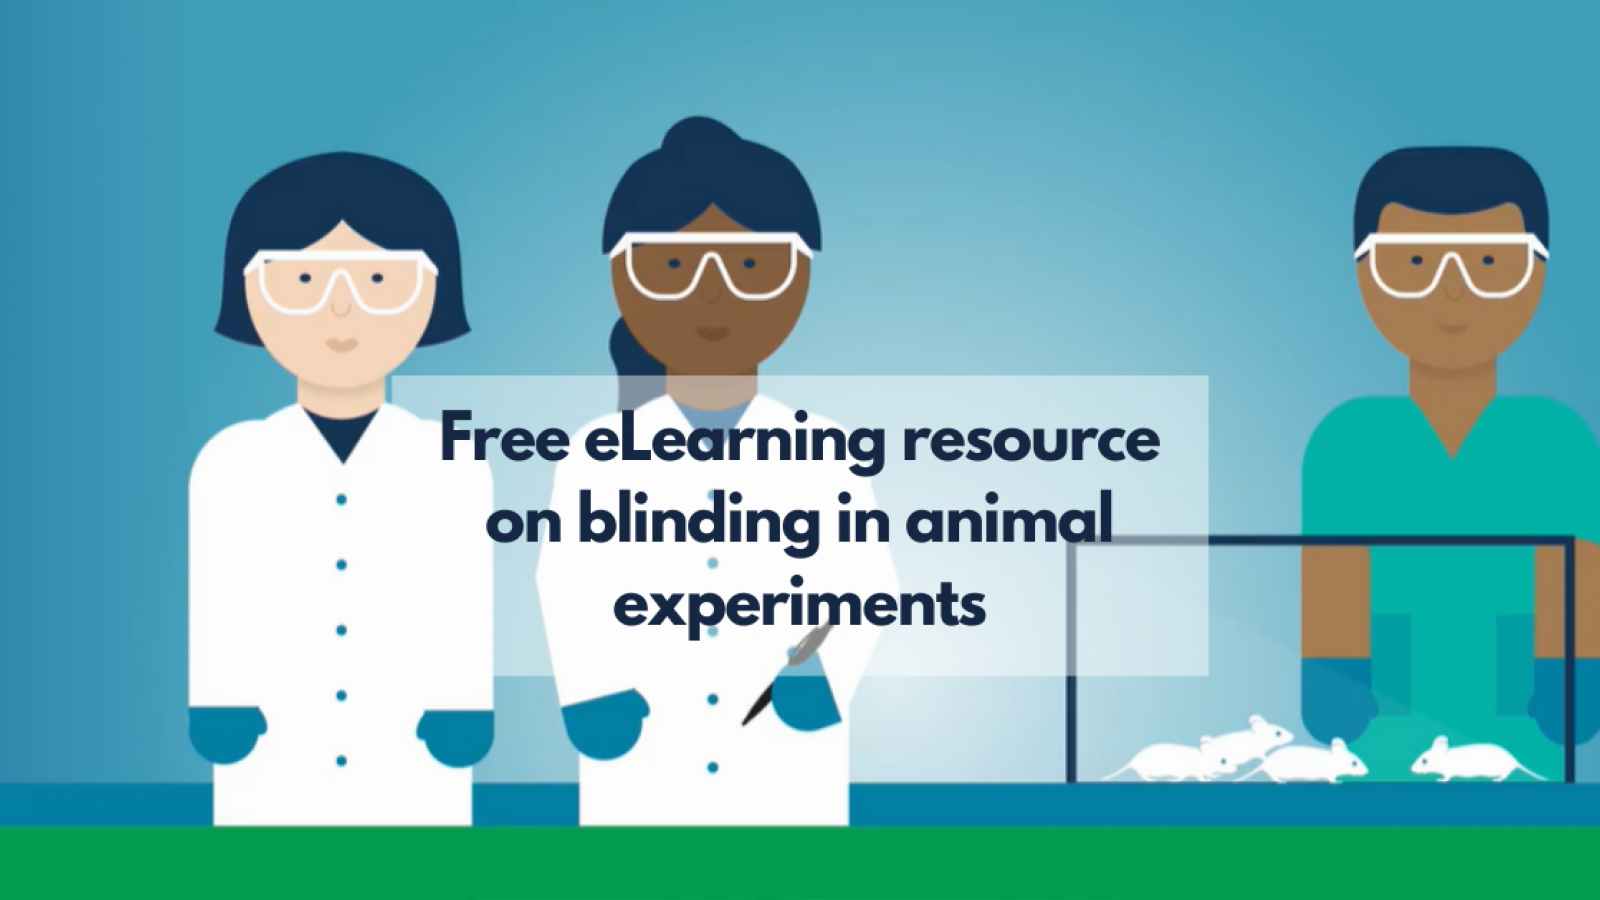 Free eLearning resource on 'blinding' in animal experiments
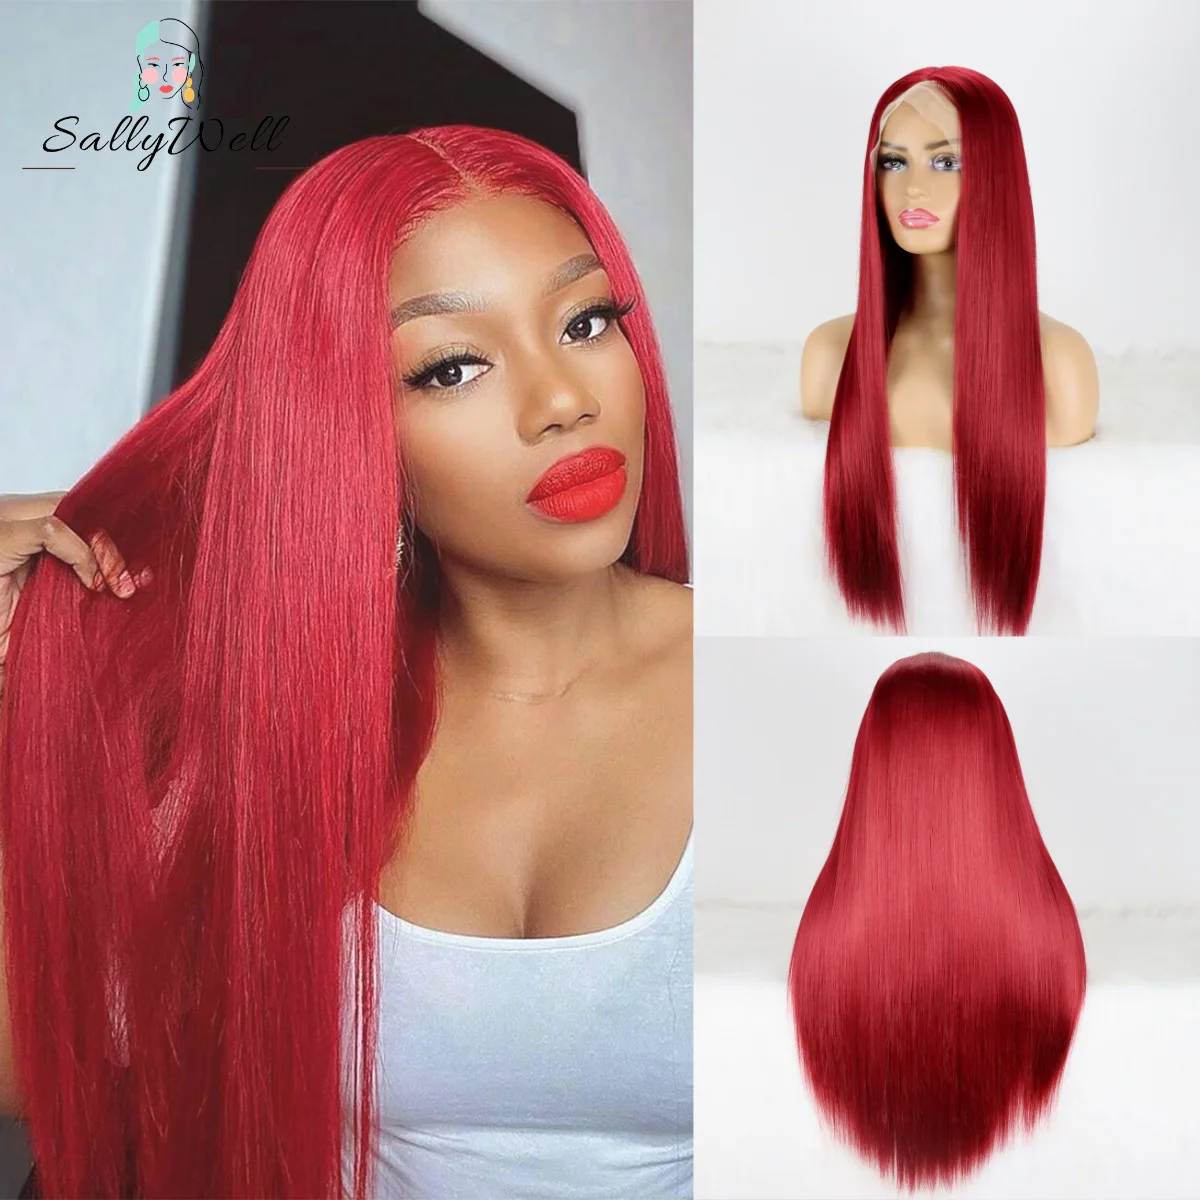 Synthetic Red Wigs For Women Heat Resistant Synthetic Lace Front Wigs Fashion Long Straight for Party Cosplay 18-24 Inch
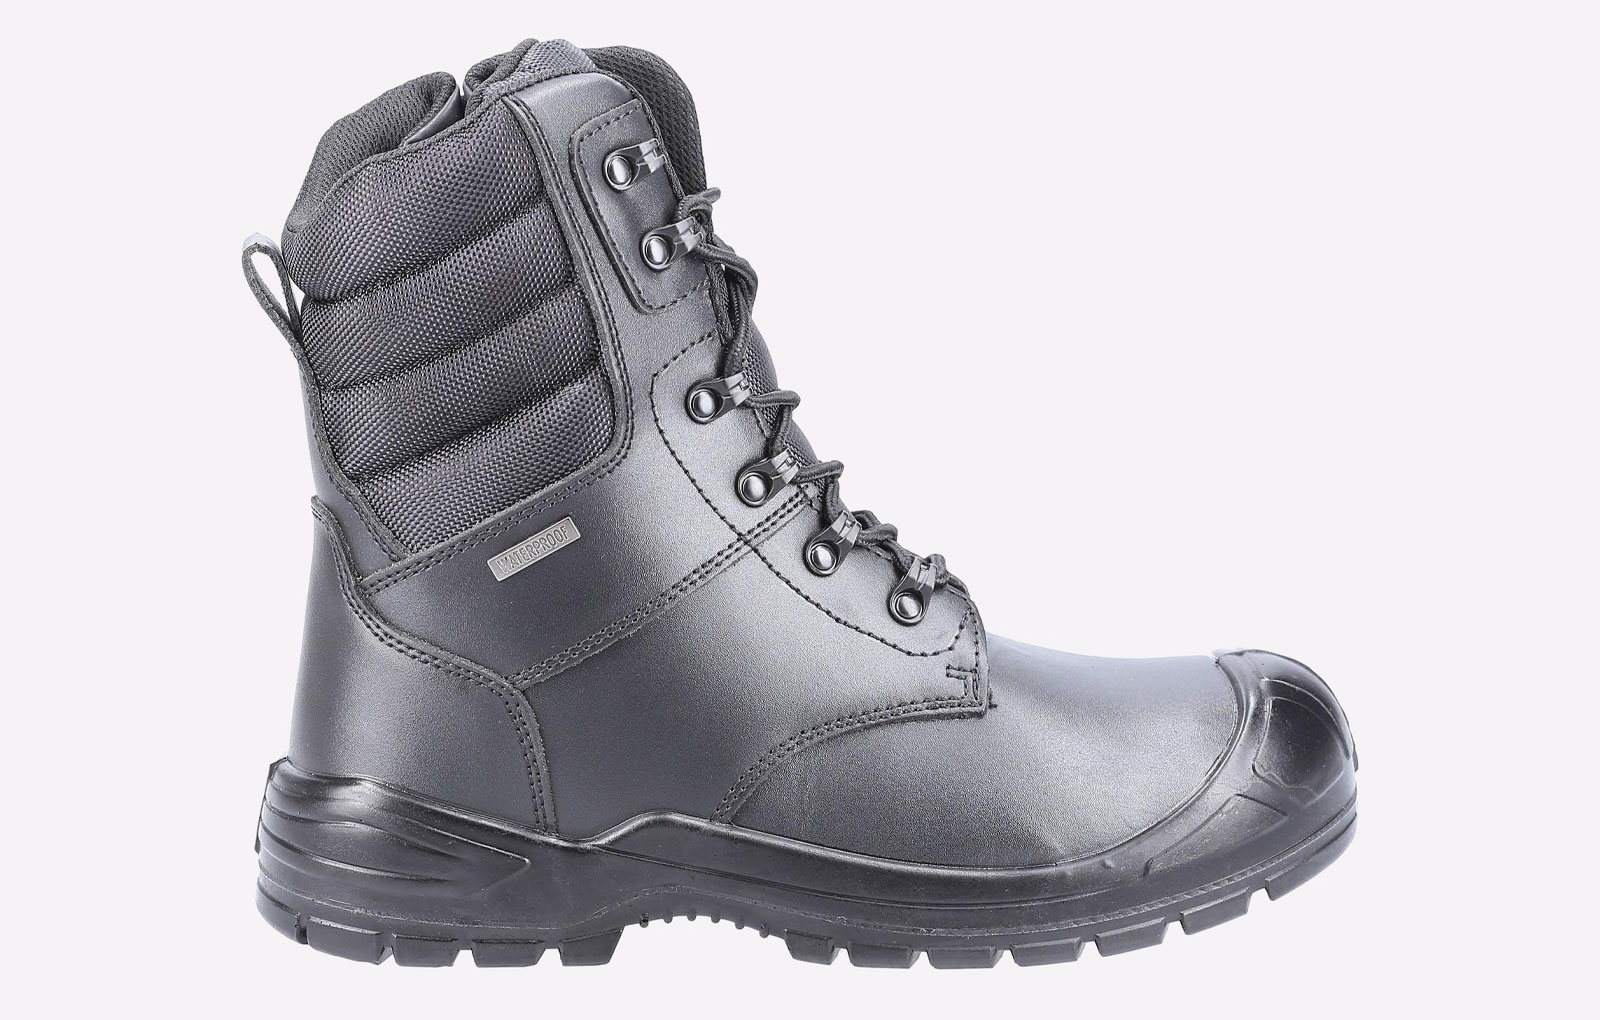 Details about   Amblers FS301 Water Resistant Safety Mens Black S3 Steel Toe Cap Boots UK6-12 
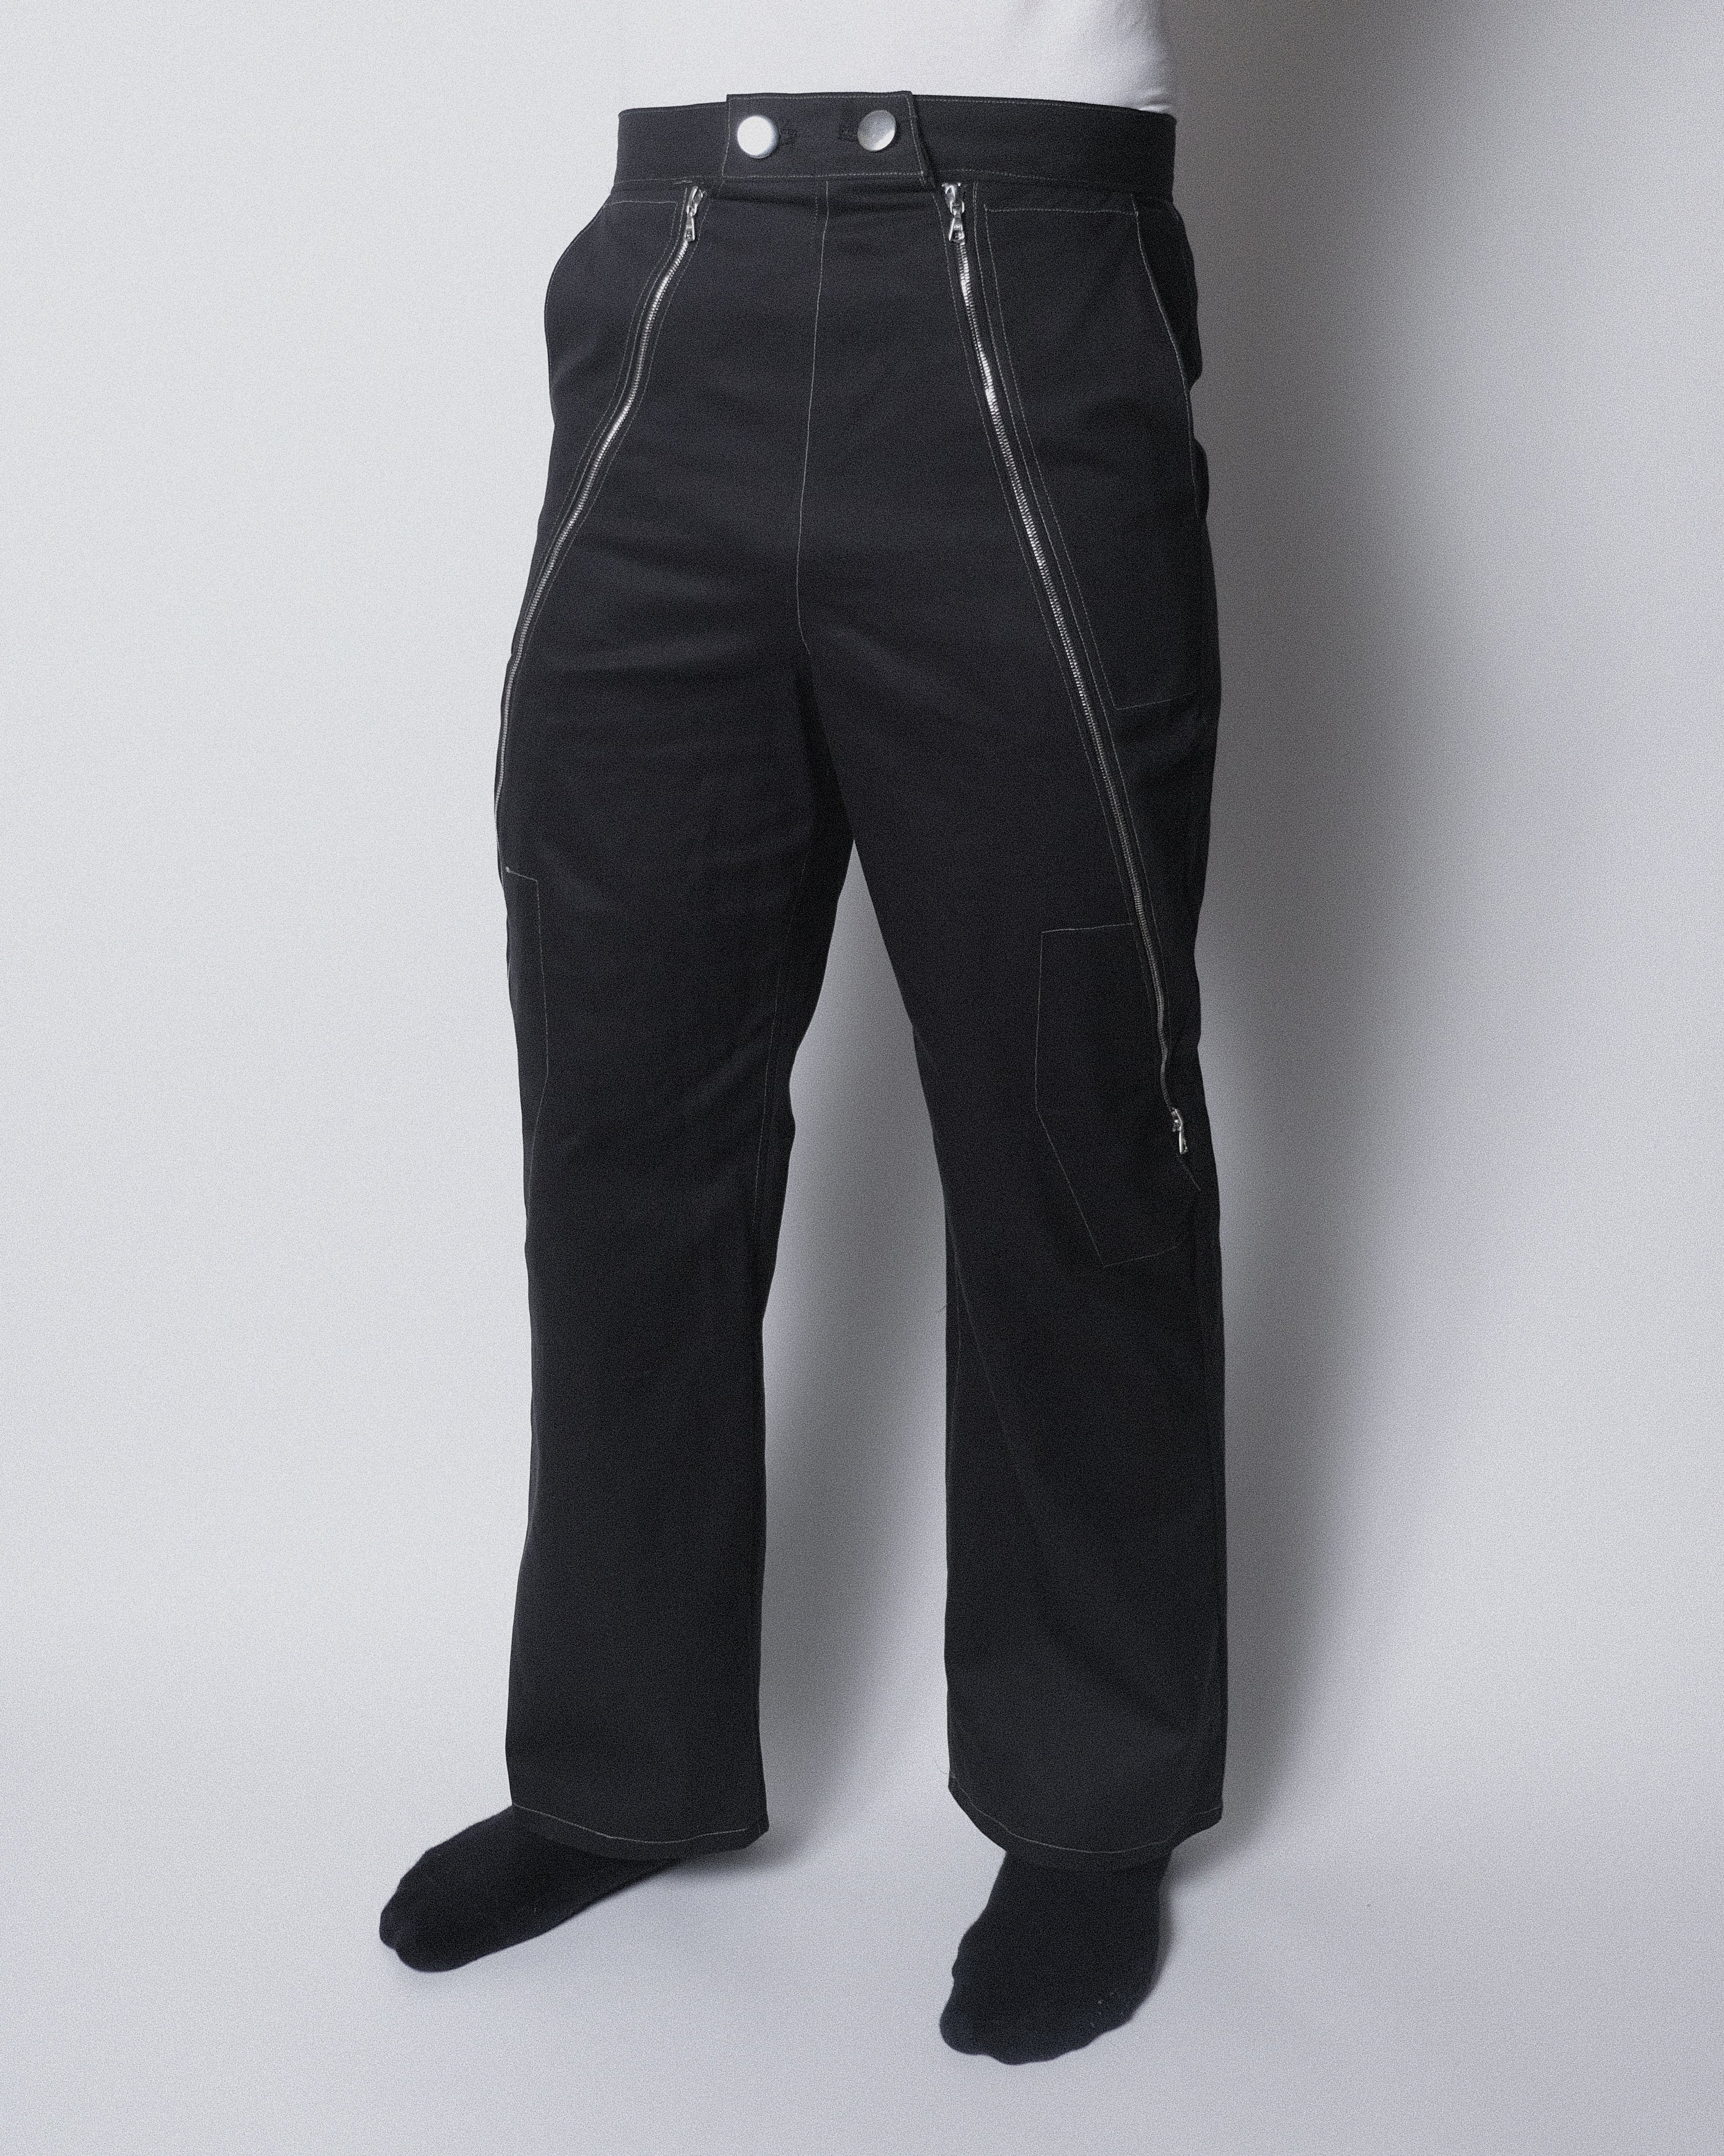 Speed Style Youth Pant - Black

Task to carry out >>
Reproduce every line of the data above, exactly as it stands, but not the pictures.

Finished exercise >>
 Free eLearning resource on 'blinding' in animal experiments
 Synthetic Red Wigs For Women Heat Resistant Synthetic Lace Front Wigs Fashion Long Straight for Party Cosplay 18-24 Inch
 Details about   Amblers FS301 Water Resistant Safety Mens Black S3 Steel Toe Cap Boots UK6-12 
 Speed Style Youth Pant - Black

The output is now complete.